Whether it involves the undermining or destruction of what were once largely self-sufficient agrarian economies in Africa or the destructive impacts of soy cultivation in Argentina or palm oil production in Indonesia, the role of transnational agribusiness has been devastating.

What choice do we as consumers have over the tens of thousands of synthetic agrochemicals contaminating our soil, oceans and food. How did they get on the market in the first place? Again, largely as a result of fraud.

What choice do consumers have over GM food when food conglomerates and Bayer have spent large sums of money to prevent labelling?

What choice does the public have when governments become de facto mouthpieces of the industry as they collude behind closed doors with powerful corporations?

What choice did Mexican farmers and consumers have over their right to healthy food

when NAFTA (driven by the powerful food/agribusiness lobby in the US) drove farmers out of business and consumers towards bad food and poor health?

What right have corporations like Monsanto and Bayer to damage (see this too) health as well as natural resources that belong to humanity collectively? These entities with histories of criminality have convinced governments and the public that they have a right to own humanity’s collective resources.

And with that in mind, how will a Monsanto-Bayer merger and increasing consolidation of the seed and agrochemical sector increase choice? It won’t. It hints at of a dark future of corporate monopolies.

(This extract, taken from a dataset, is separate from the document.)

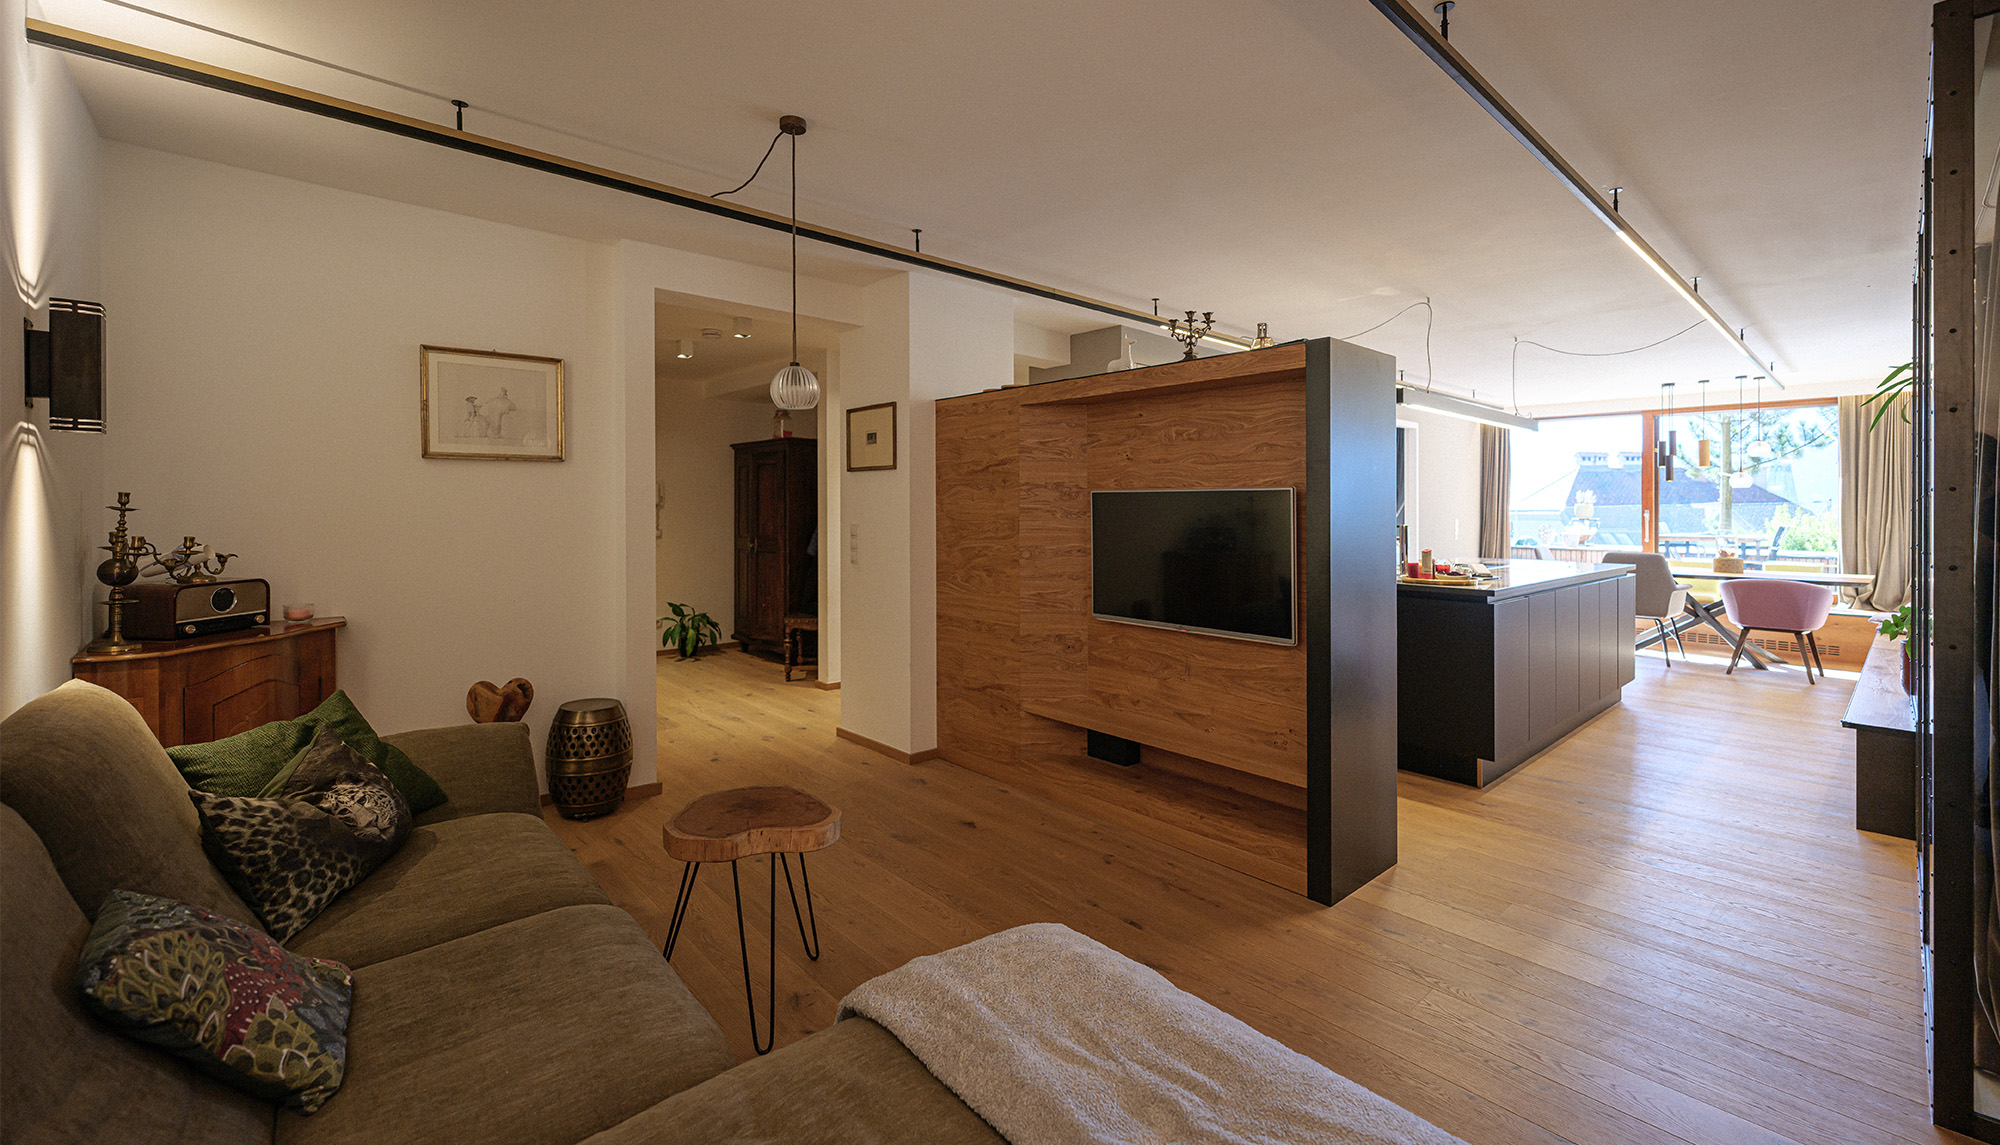 Interior Design | Living Area | Carpenter-made divider

In their rush to readily promote neoliberal dogma and corporate-inspired PR, many government officials, scientists and journalists take as given that profit-driven transnational corporations have a legitimate claim to be custodians of natural assets. There is the premise that water, food, soil and agriculture should be handed over to powerful and wholly corrupt transnational corporations to milk for profit, under the pretence these entities are somehow serving the needs of humanity.

These natural assets (‘the commons’) belong to everyone and any stewardship should be carried out in the common interest by local people assisted by public institutions and governments acting on their behalf, not by private transnational corporations driven by self-interest and the maximization of profit by any means possible.

And that’s the real agenda. That’s the bottom line where choice is concerned.

We have been living in the shadow of global agribusiness and its impacts for too long.

When pro-GMO/pro-big agribusiness lobbyists take aim at critics, alleging they are denying choice and have an ideological/authoritarian agenda, they should look a little closer to home.

But to quote the writer Upton Sinclair: “It is difficult to get a man to understand something when his salary depends upon his not understanding it.”